To do >> Return, word for word, only the lines of the data below that lie between the line with "chapeaux-casquettes-hommes-tendances" and the line with "defender la paz.", those two lines included.

Material for this task >>
· · ·
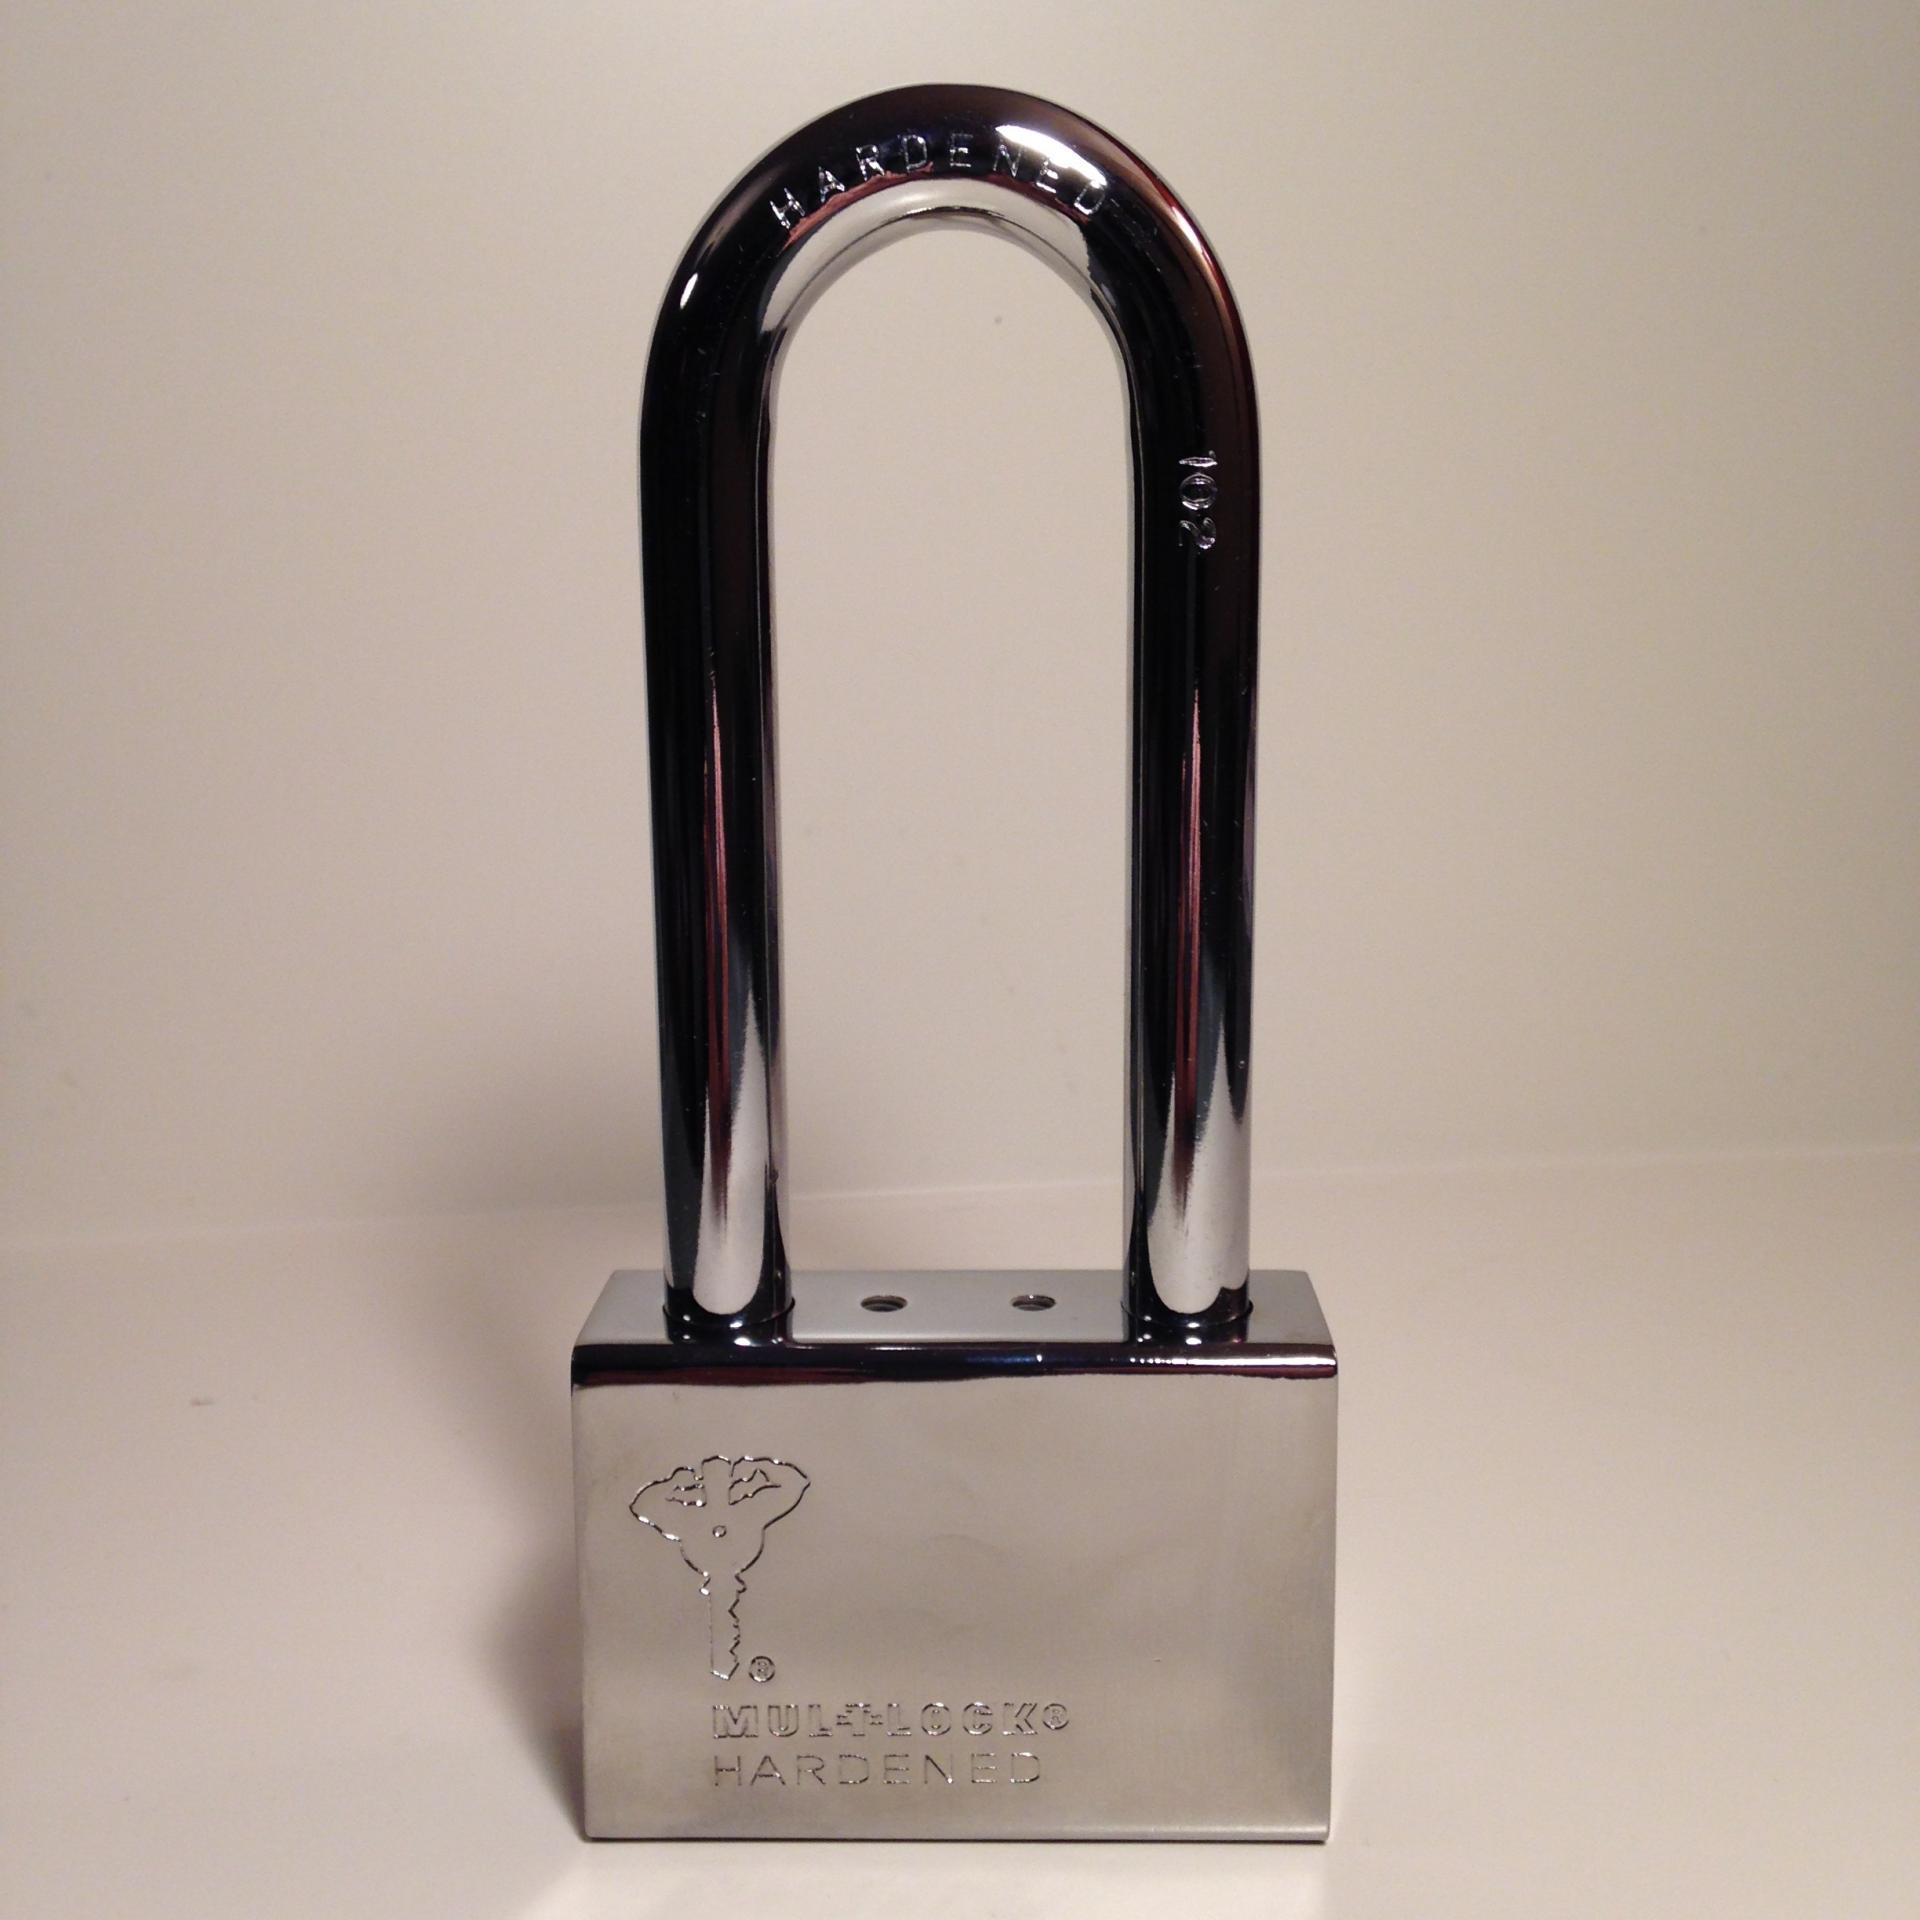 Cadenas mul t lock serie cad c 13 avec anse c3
· · ·
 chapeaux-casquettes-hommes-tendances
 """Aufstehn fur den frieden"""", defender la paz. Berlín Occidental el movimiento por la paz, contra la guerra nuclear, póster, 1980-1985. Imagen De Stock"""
· · ·
Answer to this task >>
 chapeaux-casquettes-hommes-tendances
 """Aufstehn fur den frieden"""", defender la paz. Berlín Occidental el movimiento por la paz, contra la guerra nuclear, póster, 1980-1985. Imagen De Stock"""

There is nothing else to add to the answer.